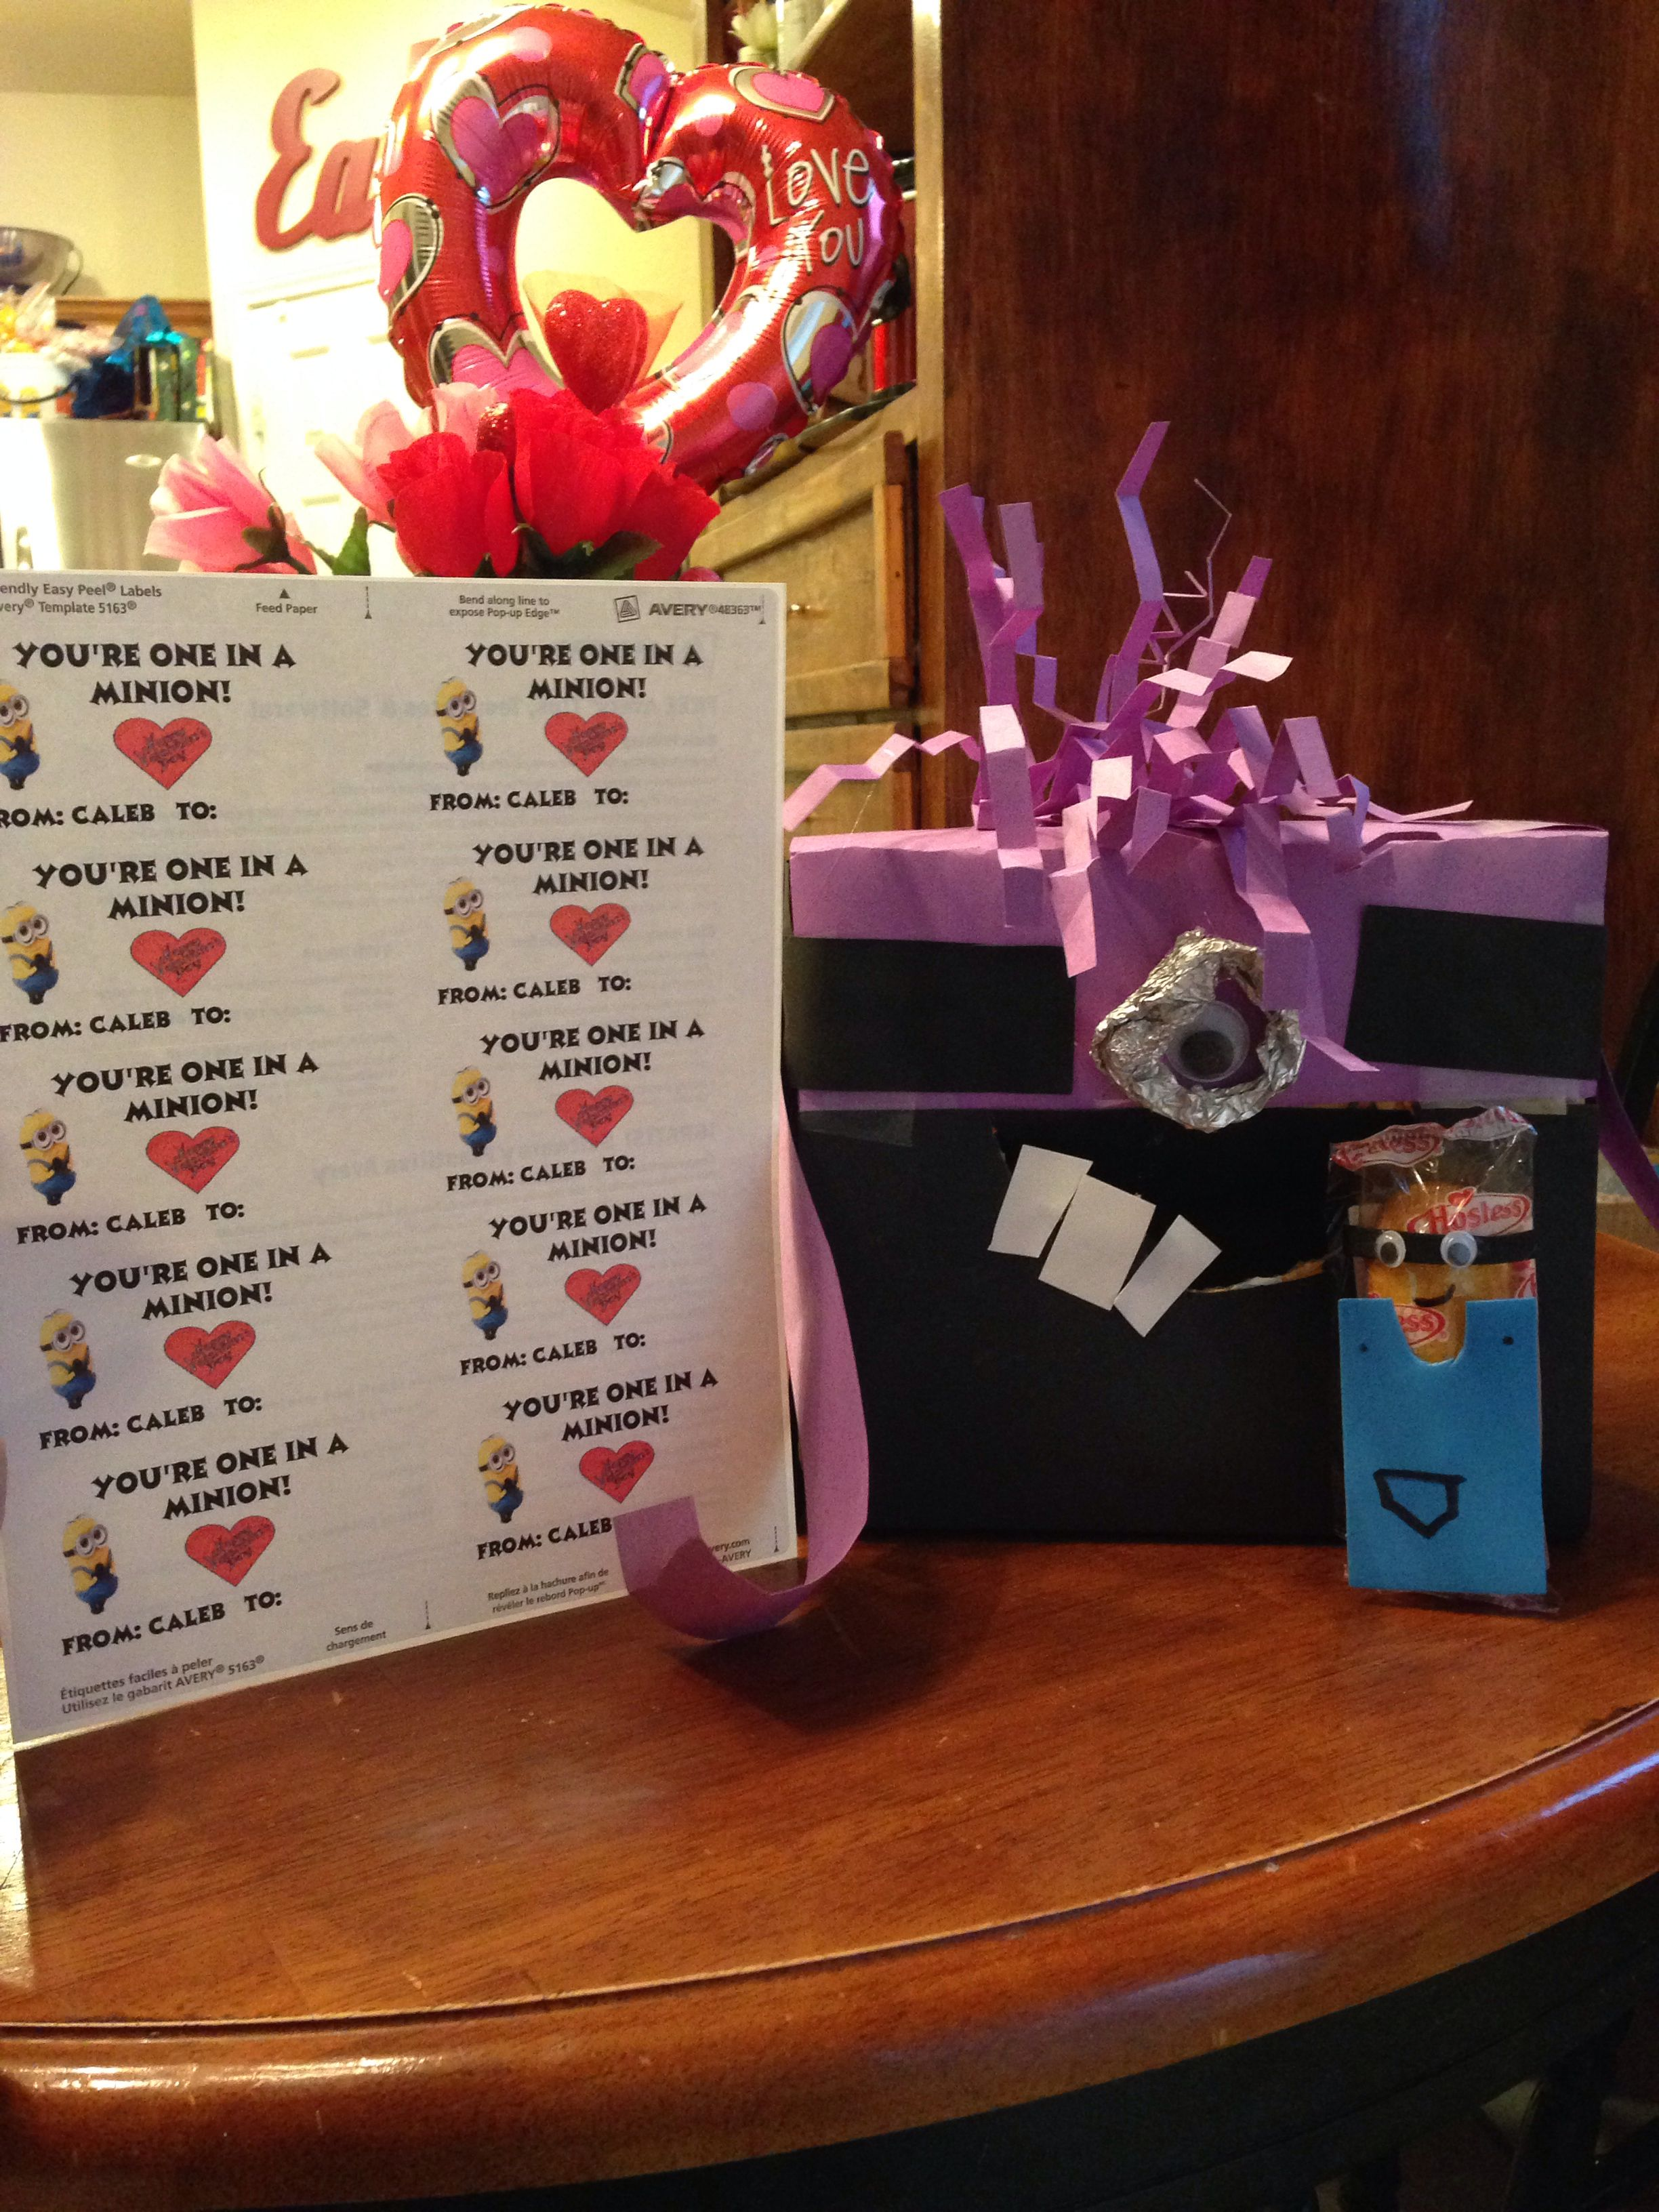 It S A Minion Valentine We Made A Purple Minion Valentine Box For Collecting Simple Construction Paper Lg Goog Minion Valentine Valentine Box Purple Minions
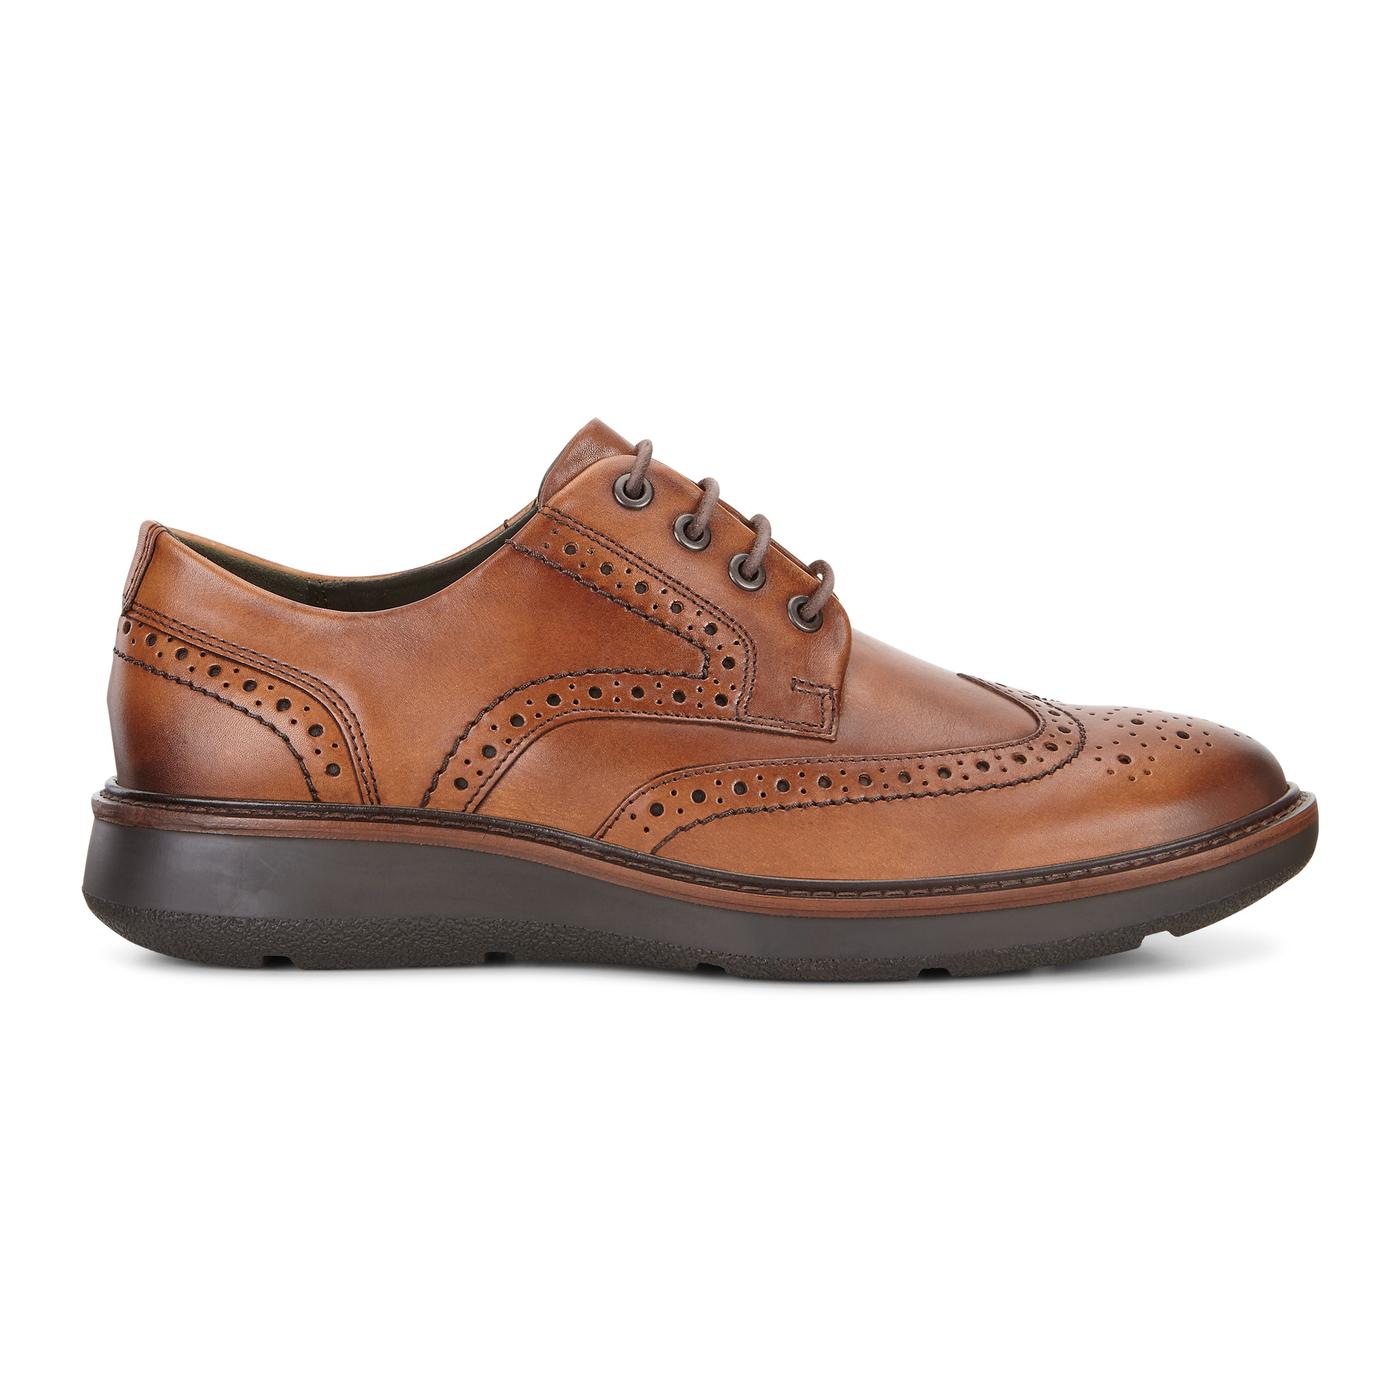 ECCO LHASA Shoe
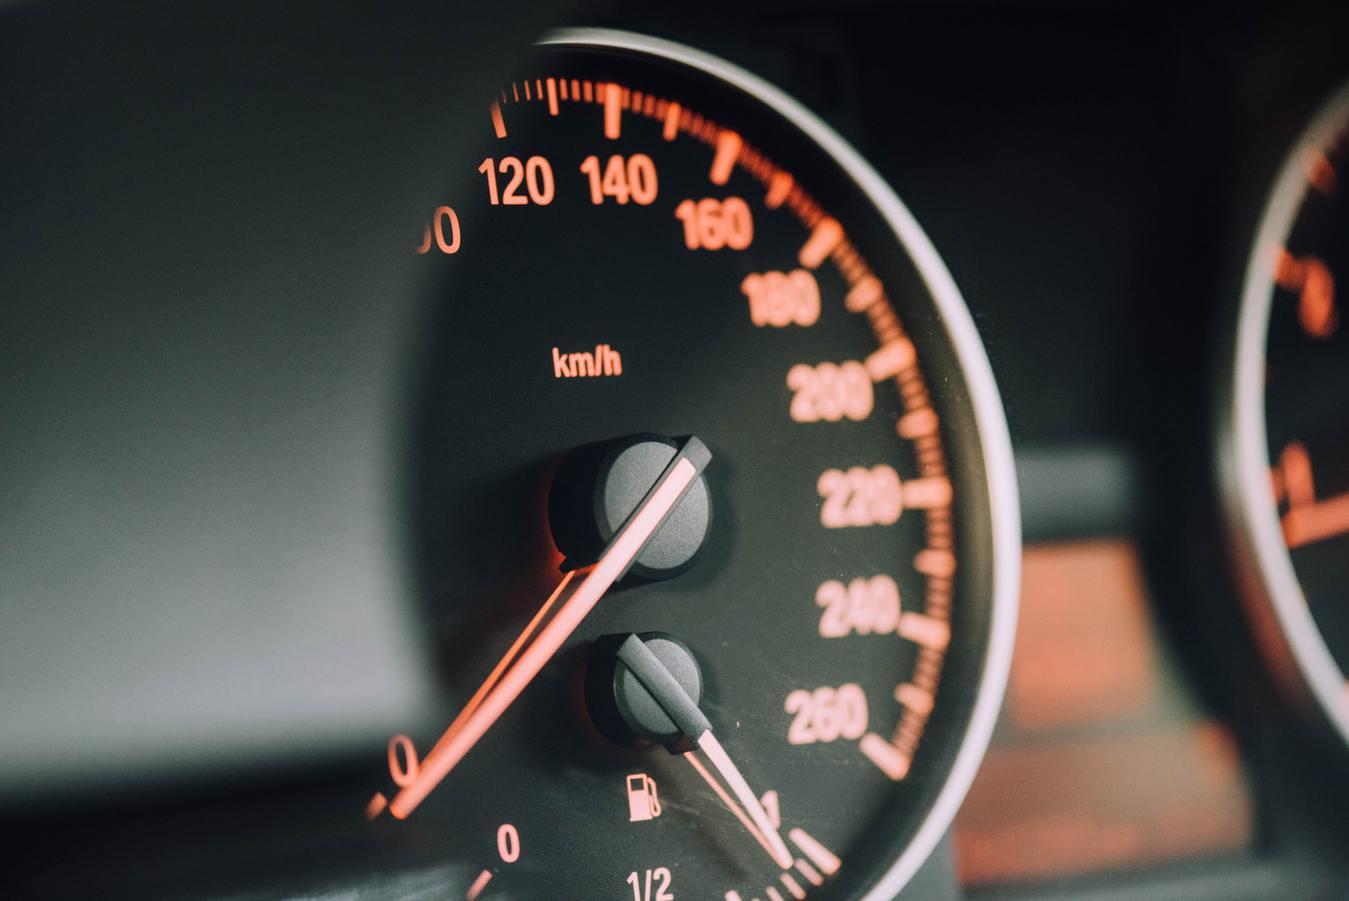 Pengukur kecepatan kendaraan

→ What the task requires
A verbatim copy of the data, free of pictures, is the expected answer.

→ Exercise solution
 It S A Minion Valentine We Made A Purple Minion Valentine Box For Collecting Simple Construction Paper Lg Goog Minion Valentine Valentine Box Purple Minions
 ECCO LHASA Shoe
 Pengukur kecepatan kendaraan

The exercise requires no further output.